Default “simplified_fs”. Network structure parameters include:

“bpr” Train models in a bpr framework [1].

“simplified” Simplified embedding-based language models without modeling
for each review [2].

“hdc” Use regularized embedding-based language models with word
context [4]. Otherwise, use the default model, which is the
embedding-based language models based on paragraph vector model. [3]

“extend” Use the extendable model structure. See more details in the paper.

“text” Use review data.

“image” Use image data.

"rate" Use rating-based latent representations.

Note: If none of "text", "image" and "rate" is specified, the model will use
all of them.

embed_size Size of each embedding. Default 100.

window_size Size of context window for hdc model. Default 5.

max_train_epoch Limit on the epochs of training (0 means no limit). Default 5.

steps_per_checkpoint How many training steps to do per checkpoint. Default 200.

seconds_per_checkpoint How many seconds to wait before storing embeddings. Default 3600.

negative_sample How many samples to generate for negative sampling. Default 5.

decode Set to “False" for training and “True" for testing. Default “False".

test_mode Test modes. Default “product_scores". Test modes include the following:

“product_scores” Output ranking results and ranking scores.

“output_embedding" Output embedding representations for users, items and words.

rank_cutoff Rank cutoff for output rank lists. Default 100.

Evaluation
o After training with "--decode False”, generate test rank lists with "--decode True”.

o TREC format rank lists for test data will be stored in <train_dir> with name “test.<similarity_func>.ranklist”

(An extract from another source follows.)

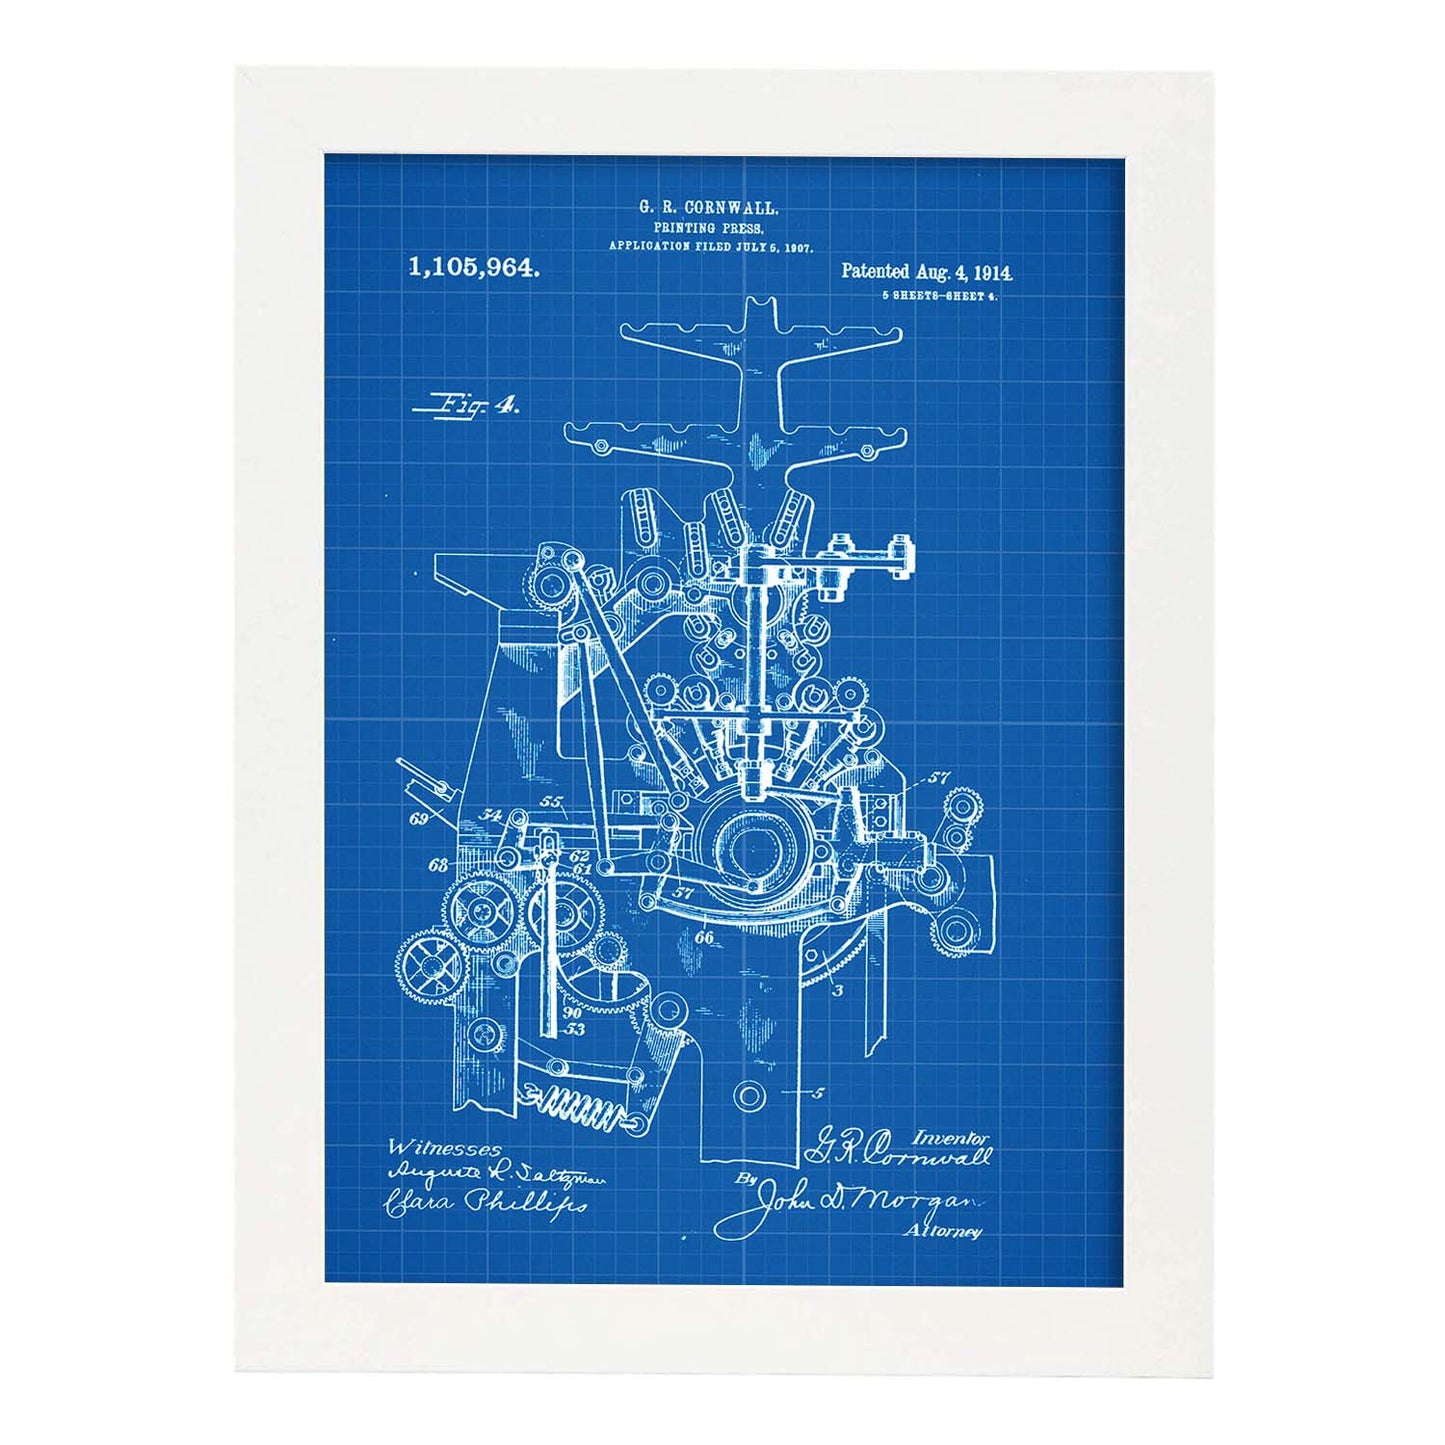 Poster con patente de Prensa de impresion 4. Lámina con diseño de patente antigua-Artwork-Nacnic-A4-Marco Blanco-Nacnic Estudio SL

o Evaluate test rank lists with ground truth <input_train_dir>/test.qrels.

python recommendation_metric.py <rank_list_file> <test_qrel_file> <rank_cutoff_list>

where

<rank_list_file> The result list, e.g. <train_dir>/test.<similarity_func>.ranklist

<test_qrel_file> The ground truth, e.g. <input_train_dir>/test.qrels

<rank_curoff_list> The number of top documents to used in evaluation, e.g. NDCG@10 -> rank+cutoff_list=10.

References

[1] Ste en Rendle, C. Freudenthaler, Zeno Gantner and Lars Schmidtieme. 2009.
"BPR: Bayesian personalized ranking from implicit feedback". In UAI.

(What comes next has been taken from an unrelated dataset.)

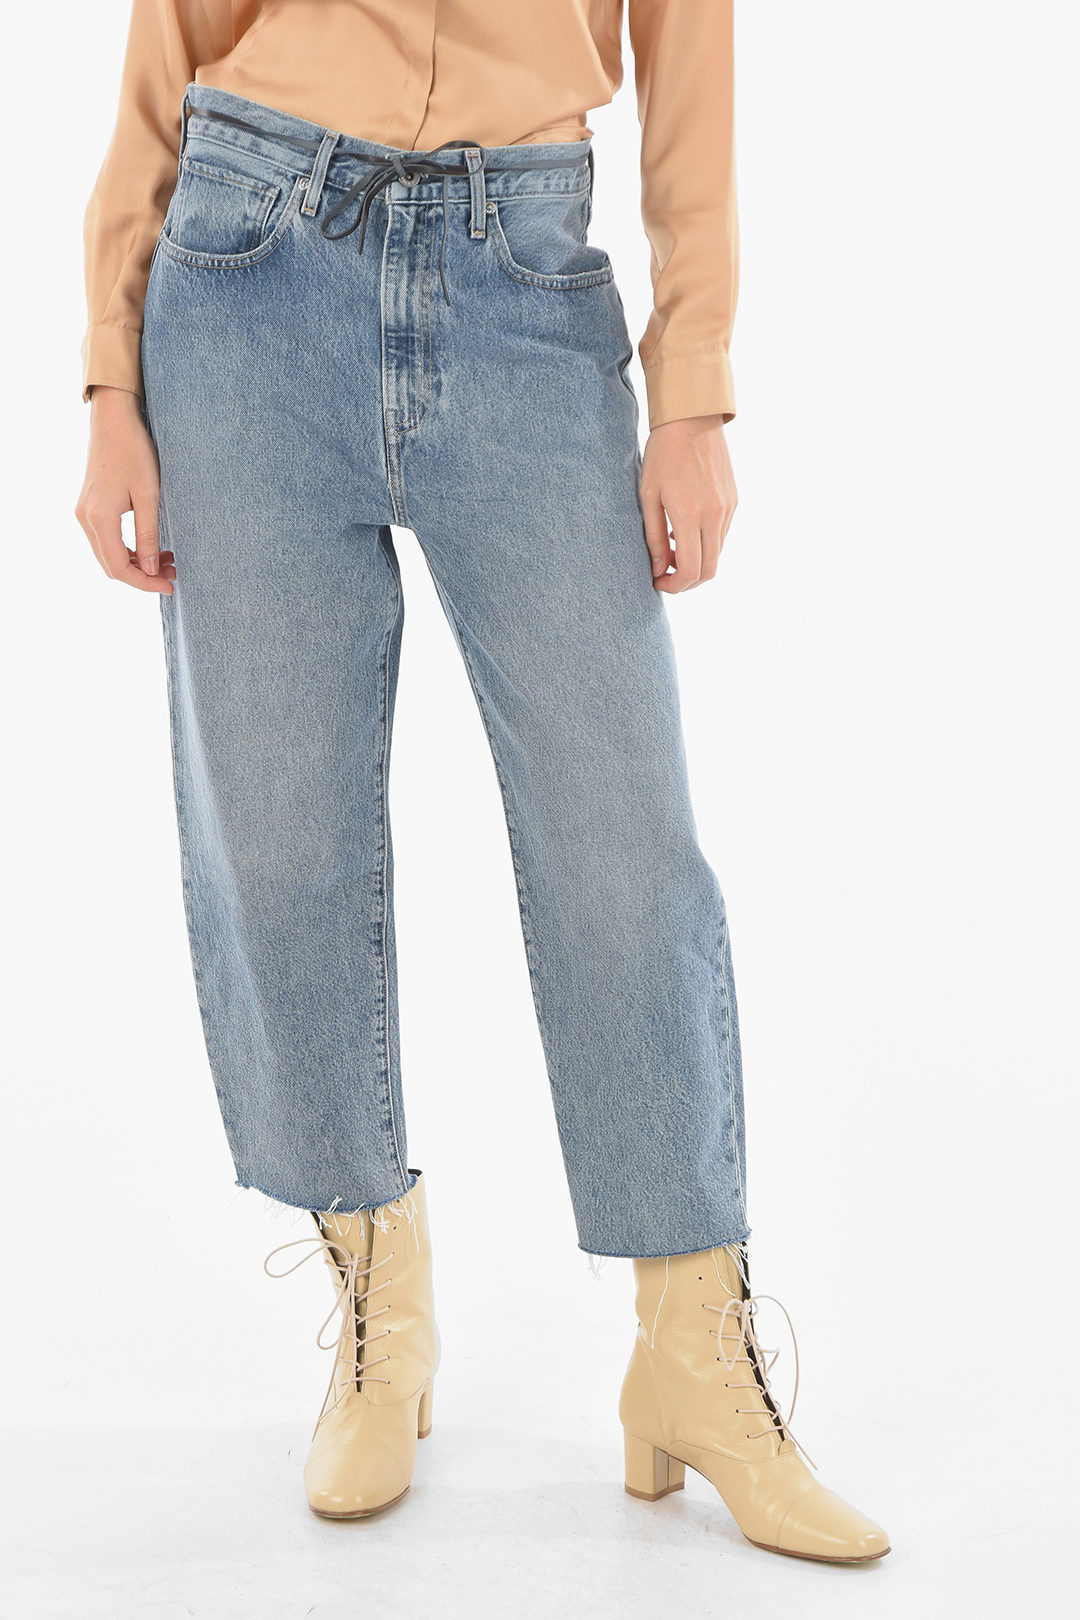 Levi's Jeans BARREL CROP with Leather Skinny Belt women - Glamood Outlet

[2] Yongfeng Zhang, Qingyao Ai, Xu Chen, W. Bruce Croft. 2017.
"Joint Representation Learning for Top-N Recommendation with Heterogeneous Information Sources".
In Proceedings of CIKM ’17.

[3] Quoc V Le and Tomas Mikolov. 2014.
"Distributed Representations of Sentences and Documents". In ICML.

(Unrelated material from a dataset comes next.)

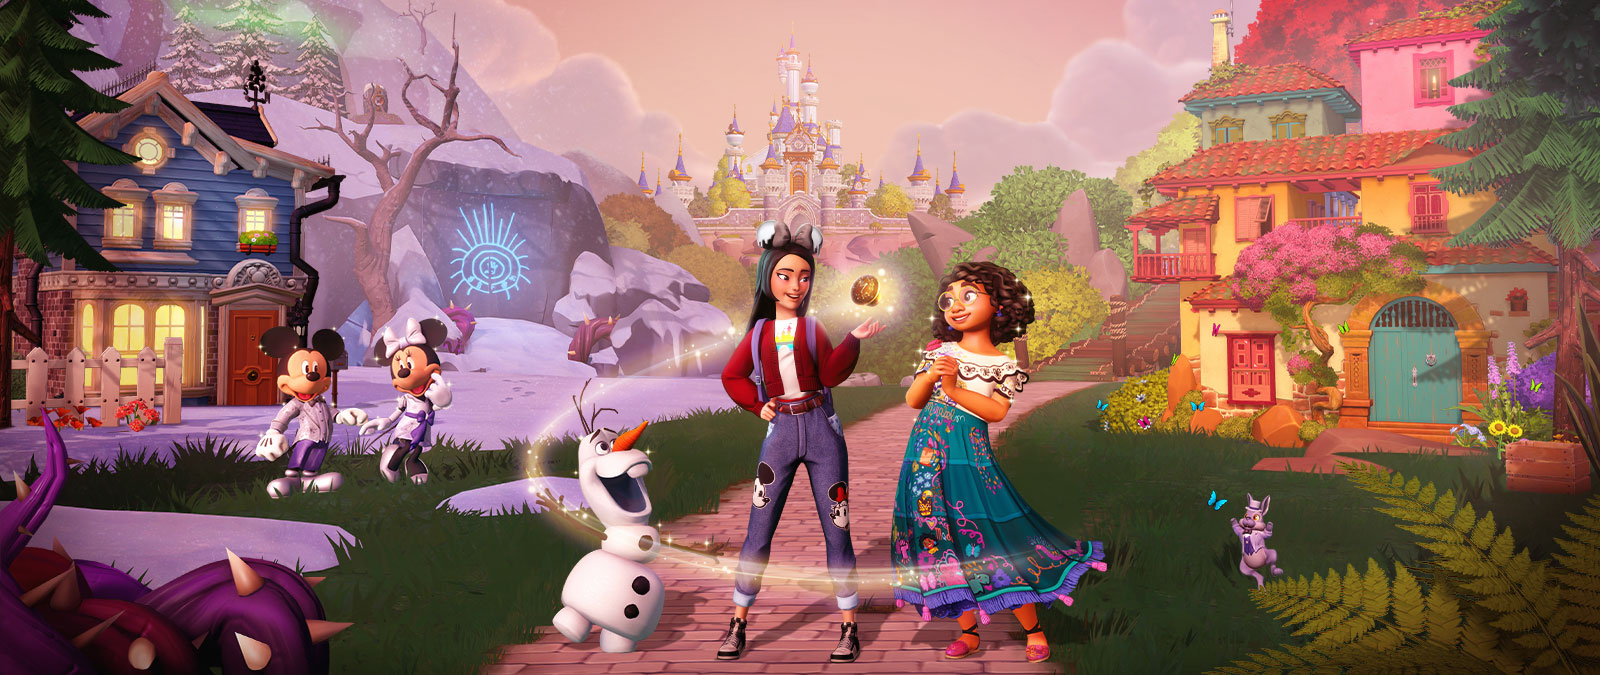 Disney Dreamlight Valley | Xbox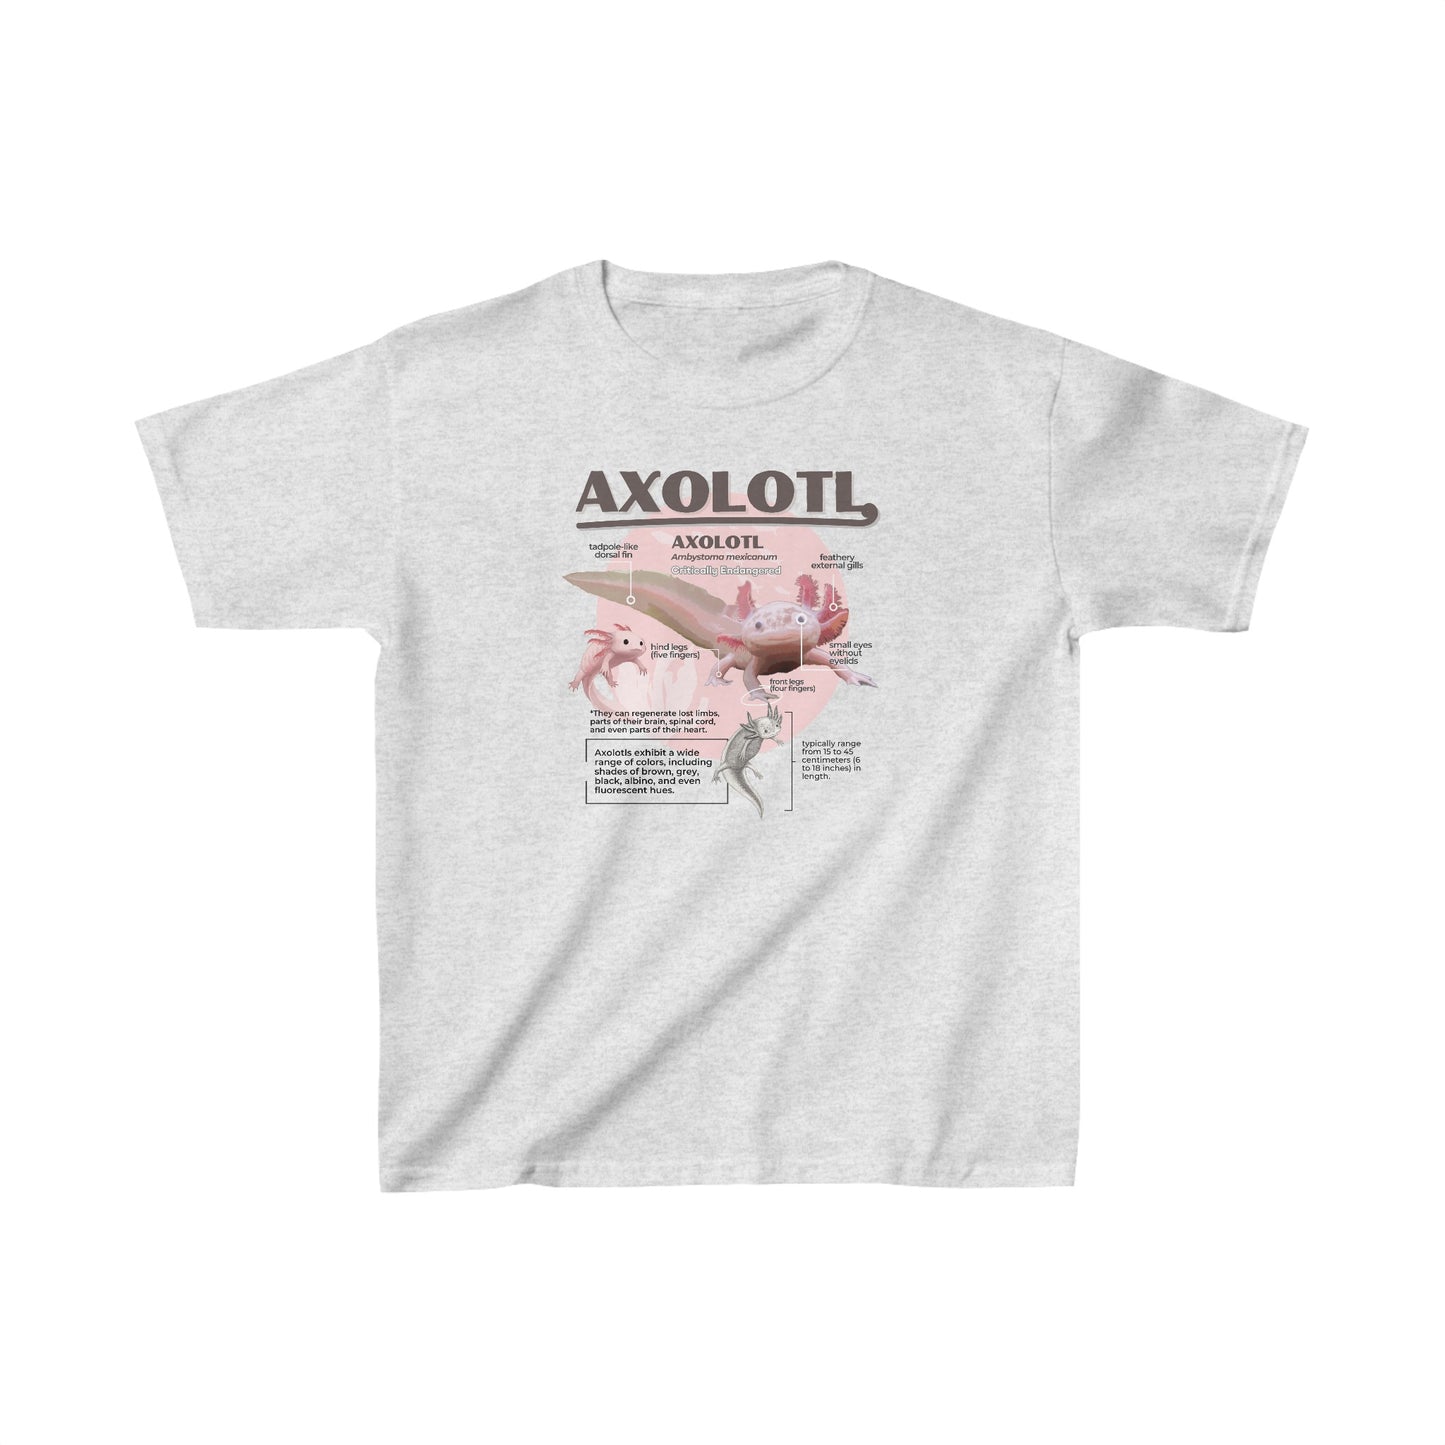 Axolotl Tshirt

[4] Sun, Fei, Jiafeng Guo, Yanyan Lan, Jun Xu, and Xueqi Cheng. 2015.
"Learning Word Representations by Jointly Modeling Syntagmatic and Paradigmatic Relations". In ACL.

[5] Ivan Vulić and Marie-Francine Moens. 2015.
"Monolingual and cross-lingual information retrieval models based on (bilingual) word embeddings".
In Proceedings of the 38th ACM SIGIR.